India is the largest democracy in the world. The “bad” news is that it also has the world’s largest party, the BJP, whose membership of 180 million is nearly double the CP of China’s (CCP)’s 95.1 million and the US Democratic Party’s 48 million. A party that has governed since 2014 without opposition under the leadership of Prime Minister Narendra Modi, eight years in which militancy has increased fivefold. Democratic stability or danger of a more authoritarian drift?
Like the CCP, the Bharatiya Janata Party controls power and runs the economy in an overpopulated country but its legitimacy comes from the ballot box.

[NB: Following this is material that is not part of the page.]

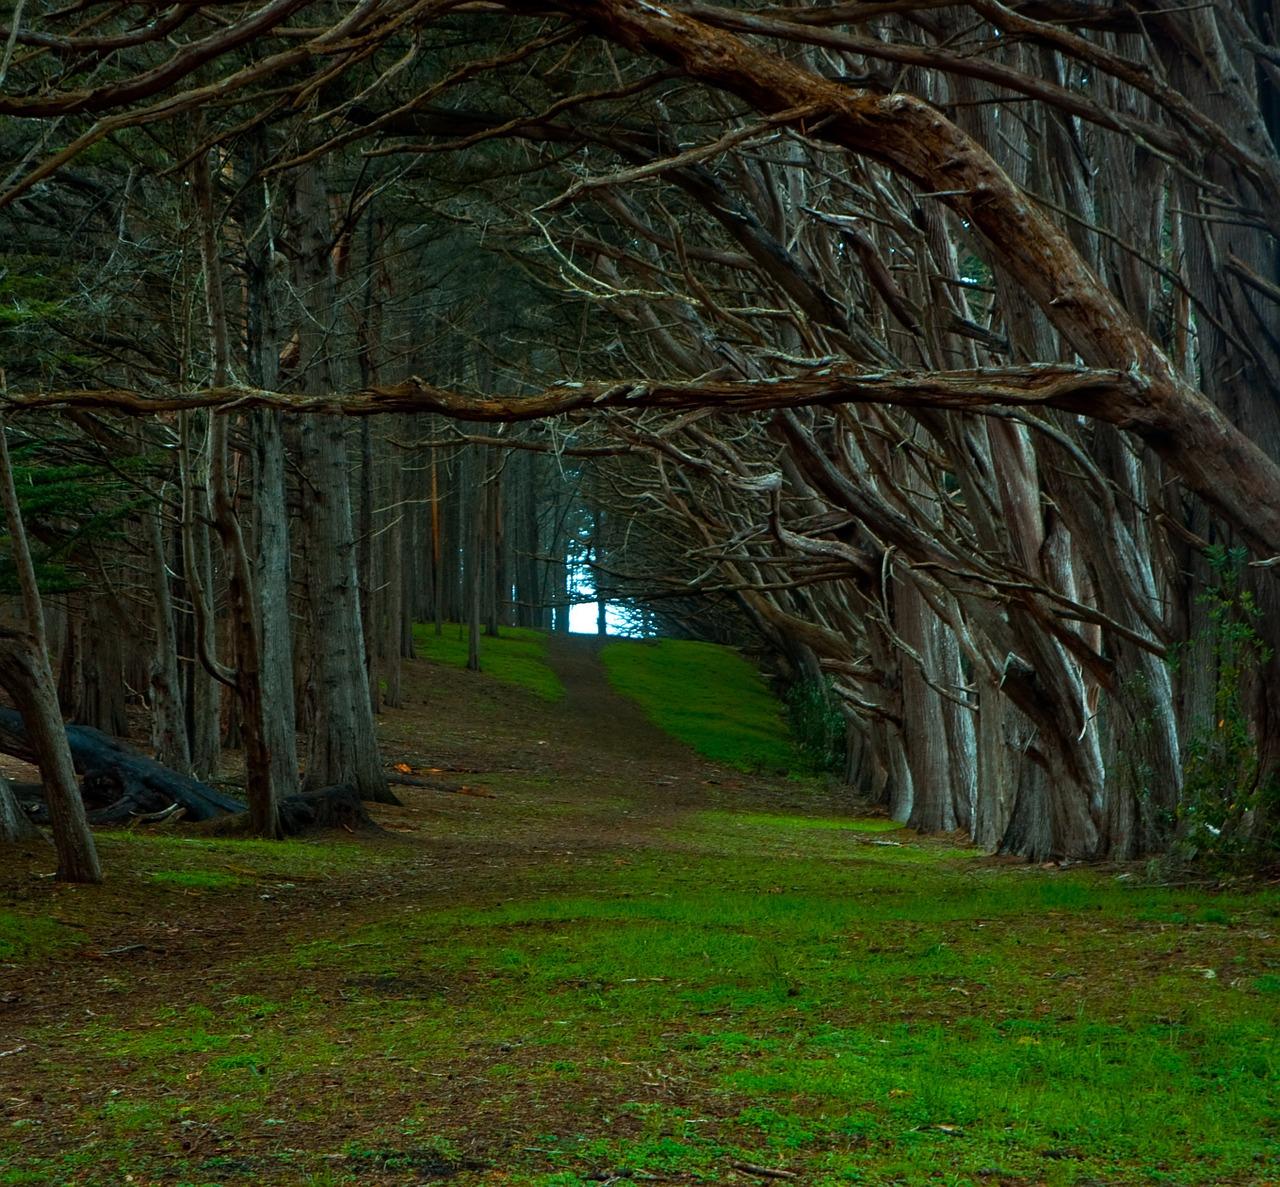 forest-696838_1280.jpg

An economy to watch closely: India will be the third largest in the world in five years, thus surpassing Germany and Japan, according to forecasts by Morgan Stanley. On the contrary, and coinciding with the hegemonic era of the BJP, India descends in almost all the rankings and indicators of democratic quality and freedom of information…
Since independence from Britain in 1947, India and its constituents have favored a big, strong party. Omnipresent. Multipartism exists but is little practiced. The Congress party was the most natural choice as a political expression of the movement that fought decades for independence. Dynastic and hereditary, the Congress ruled India for 51 years and 149 days, with an economic leadership bordering on socialism and an excessive weight of bureaucracy and clientelism, similar to that of another “heroic” model of decolonization (Algeria).
How did the BJP come to govern India and endow itself with a militancy that today touches the population of half of Europe? First of all, the stagnation of the Congress party and its economic planning, which consolidated the frustration: the promising India of 1947 did not finish capturing its power or accepting its contradictions (atomic bomb and famine). Far from the path of harmonization implicit in Congress, the Hindu BJP erupted in the late 1980s, unapologetically, to offer a radical (and labeled extremist) alternative: India for the Hindus. They bet on identity.
Emanating from a radical Hinduism with a long tradition but very fragmented, the BJP was founded in 1980, when the Congress was already showing signs of an exhausted formula. India and the Hindu religion are the same, their leaders proclaim, despite the fact that 14.2% of the 1.4 billion Indians are Muslims. Wherever there was a religious incident or a clash of coexistence -something common in India-, there the BJP raised its voice, a pioneering party in the polarization techniques that are so popular today. This radicality is adding small groups. Among them, the Shiva Sena (Shiva’s Army) who said they were “proud” of Nathuram, the fanatic who shot Mahatma Gandhi.
Thus, the BJP launched in the mid-1980s a campaign to “reclaim” Ayodhya, a Hindu holy place where a mosque stood. Hostility towards Muslims was, basically, a good electoral hitch pennant. When this journalist interviewed the leader of the BJP, Lal Krishen Advani, in New Delhi in 1991, he received at the end a request that was as unusual as it was sincere: “Could you send me or recommend a book on the expulsion of Muslims in Spain?” . The fact seemed to him -so I perceived it- worthy of emulating in India…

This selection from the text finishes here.